— Именно?
Они уже пришли к дому, но Джон не спешил доставать ключи. Он вплотную подошёл к Дайану, положил ладонь ему на шею, заскользнул под затылок, задерживая. Поцеловал.
Дайан отозвался тут же, прижимаясь теснее.
Джон снова почувствовал, что странным образом на уровне физического отзвука загорается, стоит ему ощутить тепло горячего рта Дайана. Не говоря о тепле прочих его прелестей. Тот словно освещал его. Солнце. Это было почти что похоже.
— Пойдём, — напомнил Сойер, отходя к двери и вынимая ключи.
Дальше прихожей Дайан не дошёл, потому что Джон остановил его, стоило только закрыться входной двери, прижал к стене собою и снова поцеловал. Только вот теперь так, что дыхание Дайана почти остановилось, сбилось. Он чувствовал, что даже загорись вокруг стены, не оторвался бы ото рта Джона.
Джон же, точно так же оставаясь в поцелуе, расстегнул пальто на Дайане, растащил ремень в его джинсах, пуговицу и молнию, сволок те вместе с бельём ниже по бёдрам. И вот потом опустился перед ним на колени.
Дайан прижал ладони к стене, закрыл глаза и толкнулся в рот Джона, едва ли замечая, что сделал это порывисто и неосторожно. Но тот только впустил его глубже, обнимая руками и прижимая к себе.
Дайан сладко выдохнул, ухватился за плечо Сойера сначала одной рукой, потом обеими, чтобы устоять.
Это был лучший минет в жизни Дайана. Даже несмотря на приятную задержку.
Почти загнав его до конца, Джон выпустил член, отстраняясь.
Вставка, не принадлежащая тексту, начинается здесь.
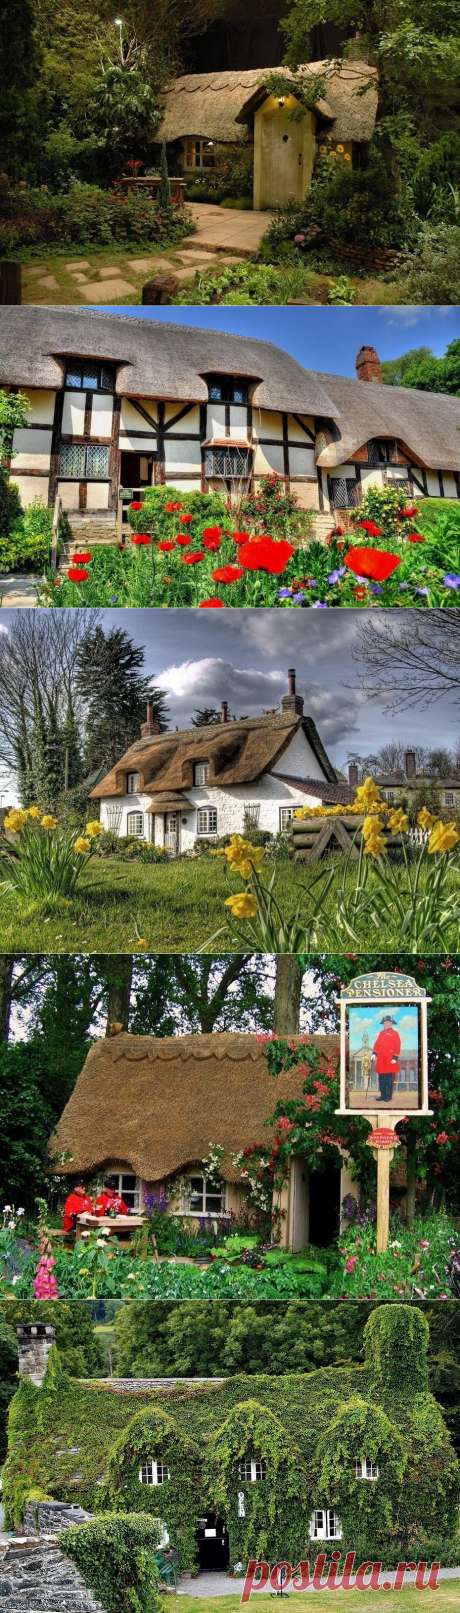 Сказочное графство Девоншир, Англия - Путешествуем вместе

Уже привычным движением проколол зубами указательный и безымянный. Снизу просмотрел, как Дайан, закрыв глаза, обсасывает те, вынимая кровь.
Дайан кончил в рот Сойера под ослепительное пение его крови, встраивающейся в его собственную. С его, облизанными им же самим, мокрыми пальцами в заднице, которые Джон пропихнул одновременно с тем, как начал проглатывать сперму Дайана.
Дайан почти упал сверху, обессилев.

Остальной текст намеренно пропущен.